The RDF team also has a "refactored" syntax document out. Other teams may find it easier to limit themselves to that. Dan Connolly fixed up an old RDF DTD I made a couple of years ago, and it might be useful as the basis for a new one. I believe that there was some kind of draft XML Schema for RDF in the Schema WG at one stage.

I think RDF is a good example because it has been around a long time, the existing DTDs etc provides good headstarts, it has a test suite, and it is a horrible mess apparantly created by people who refused to believe that validation against standard executable schema languages was useful and who therefore designed the language with no thought for how it could be integrated into the rest of the XML world.

rdf-schema.sch

XML Schema Team Schemas, by The XML Schema Team

Sorry for the delay. Herewith our schema and task specification: in brief, it's the MathML2 DTD. I realise this leaves the DTD folk with nothing to do, but they might like to critique the W3C MathML Working Group's work :-)

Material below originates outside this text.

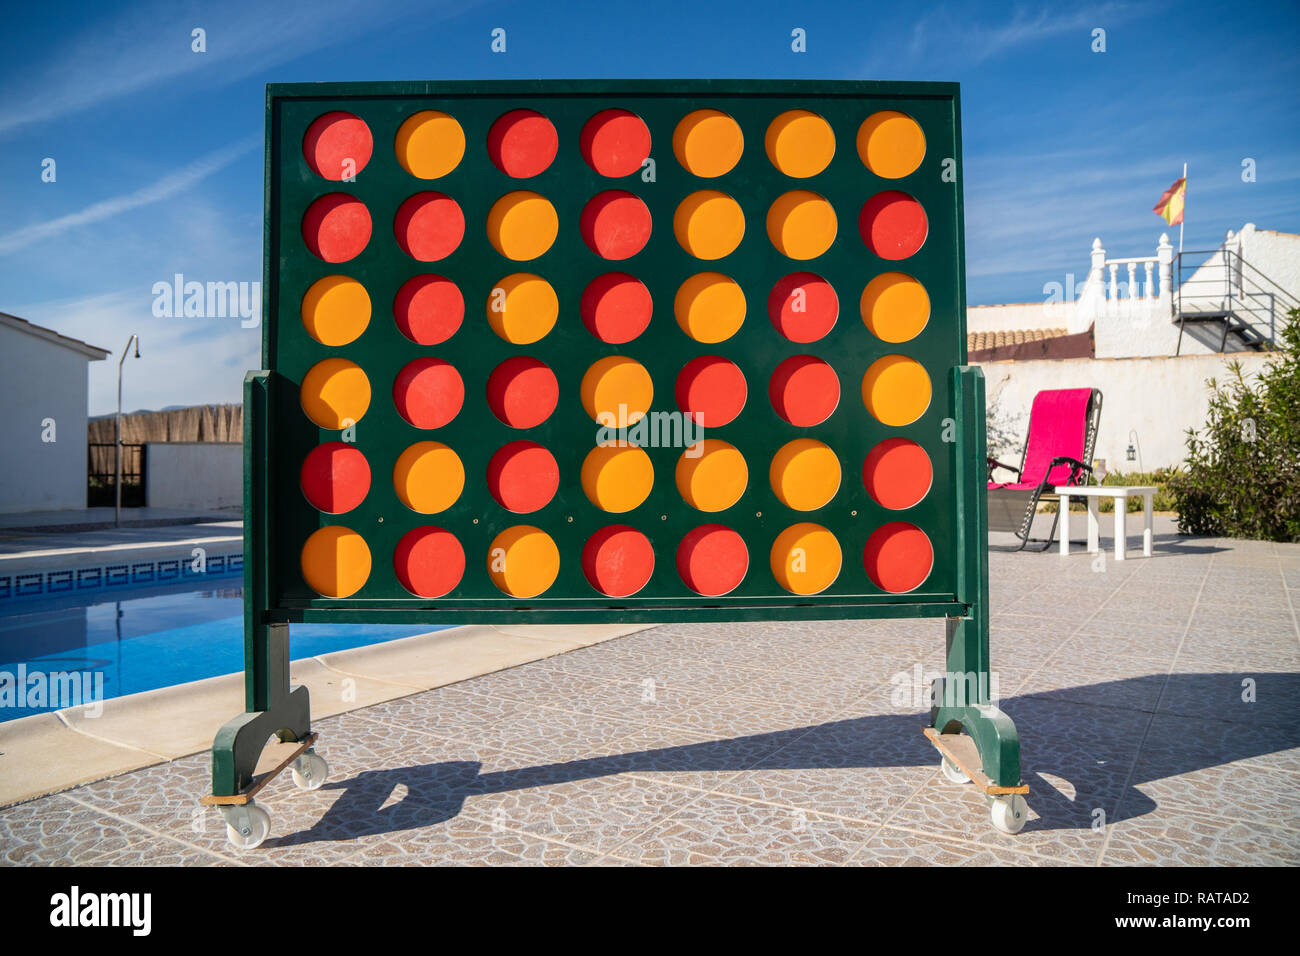 Version du géant puzzle Jeu Connect 4 à côté d'une piscine en Espagne Banque D'Images

We chose this large example to give us and the other groups the chance to make use of existing forward conversion tools (we started with the DTD-to-Schema tool started by Dan Connolly and enhanced by Mary Holstege), and to explore some of the issues involved in defining the document types of large vocabulary applications.

Note that the test3.xml file actually has one error in it.

The Common Schemas

Document Type Definition Team: TechMemo.zip and Orderform.zip. The DTD team also provided a schema for the RELAX NG team's book list schema: Booklist.zip.
RELAX-NG Team: schema-panel.zip
Schematron Team: Schematron-schemas.zip. The Schematron team also provided schemas for the RELAX NG team's book list schema (in the ZIP file).
XML Schema Team: xsd-3schemas.zip. The XML Schema team also provided a schema for the RELAX NG team's book list schema: booklist.xsd.